Announcing GrabAss

A little satire on the GrabGas CTO blow up.

My dearest friends in the Facebook family, today I need to tell you that I will be founding GrabAss, a new startup, dedicated to righting a number of wrongs that we face in the world today. This startup will be focused on developing a specific permutation of morphemes from the largest natural language network on Earth.

Firstly, Uber and the other Grabsomething company may be helping to reduce logistical problems but they fail to acknowledge that the humble donkey and its relatives in the subgenus Asinus occupy a unique niche in the product space that is on our radar. Don't grab a car. Why grab some stupid taxi - when you can Grab an Ass, to get you to your destination.

Secondly, given the number of follies that we witness in the startup scene daily, GrabAss is built from the ground up to give back to our community by identifying high-grade moronia hidden in plain sight within our pools of business and engineering talent. Our open-sourced framework NoobsNDevils is under active development, and has recently entered open beta. If you see an asshole, Grab that Asshole, and submit him (or her, or it) via our API endpoints, using the documentation provided on our developer website. Not a developer? No worries. Just Grab that Asshole by the arm, ear, neck scruff, collar, (or asshole) and drag him (or her, or it) to one our conveniently located pickup depots, at every 7-Eleven, McDonalds, Starbucks, and KFC in your current country (we're in every country that has one of these branded outlets). We have locked-in these strategic partnership to ensure that the asshole you have identified will be bagged, tagged, and shipped back to its original location, with minimal inconvenience to yourselves.

Perhaps you would prefer that the asshole you would like to identify is picked up from your private residence instead - we have an app for that also - it's a hardware app, the best Christmas (Hanukkah, Lunar New Year, or other festive) present you could give your loved ones this year.

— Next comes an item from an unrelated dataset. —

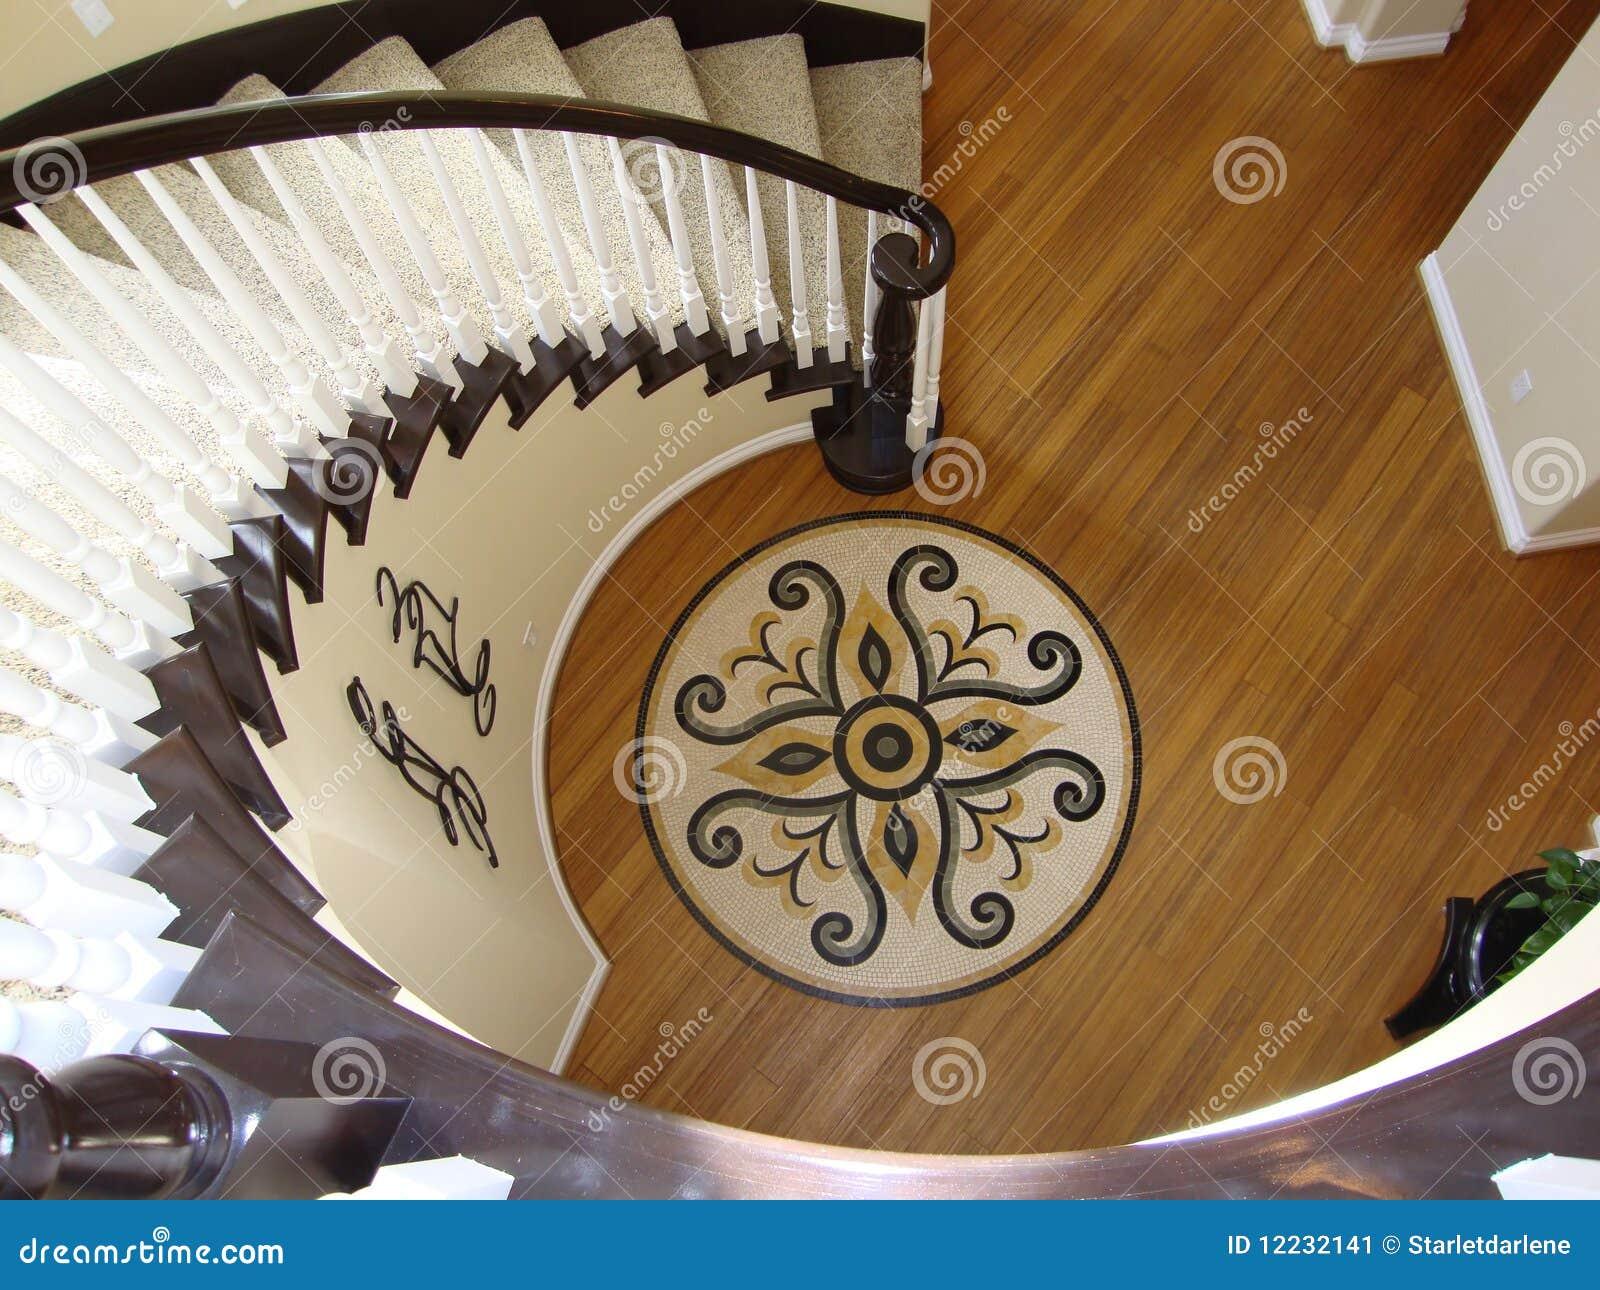 Schones Treppenhaus Mit Mosaik Fussboden Stockbild Bild Von

We call it the AssGrabber, and you only have to yell, "hey Asshole," to turn it on.

Beyond these first two proofs of concept, we believe that numerous other semantic networks can be derived from GrabAss's latent morphology. We believe in our vision, and we look forward to your ongoing support and participation in the GrabAss vision - summed up by our motto: "If there's an ass out there, someone's gonna grab it."

We're actively hiring (we give equity to early employees) and we're sincerely looking forward to having you join us as a shareholder today. We don't have any job descriptions yet, but we're sure that you'll figure it out for yourselves along the way.

Don't hesitate. Grab your ass, and get it over here, right now.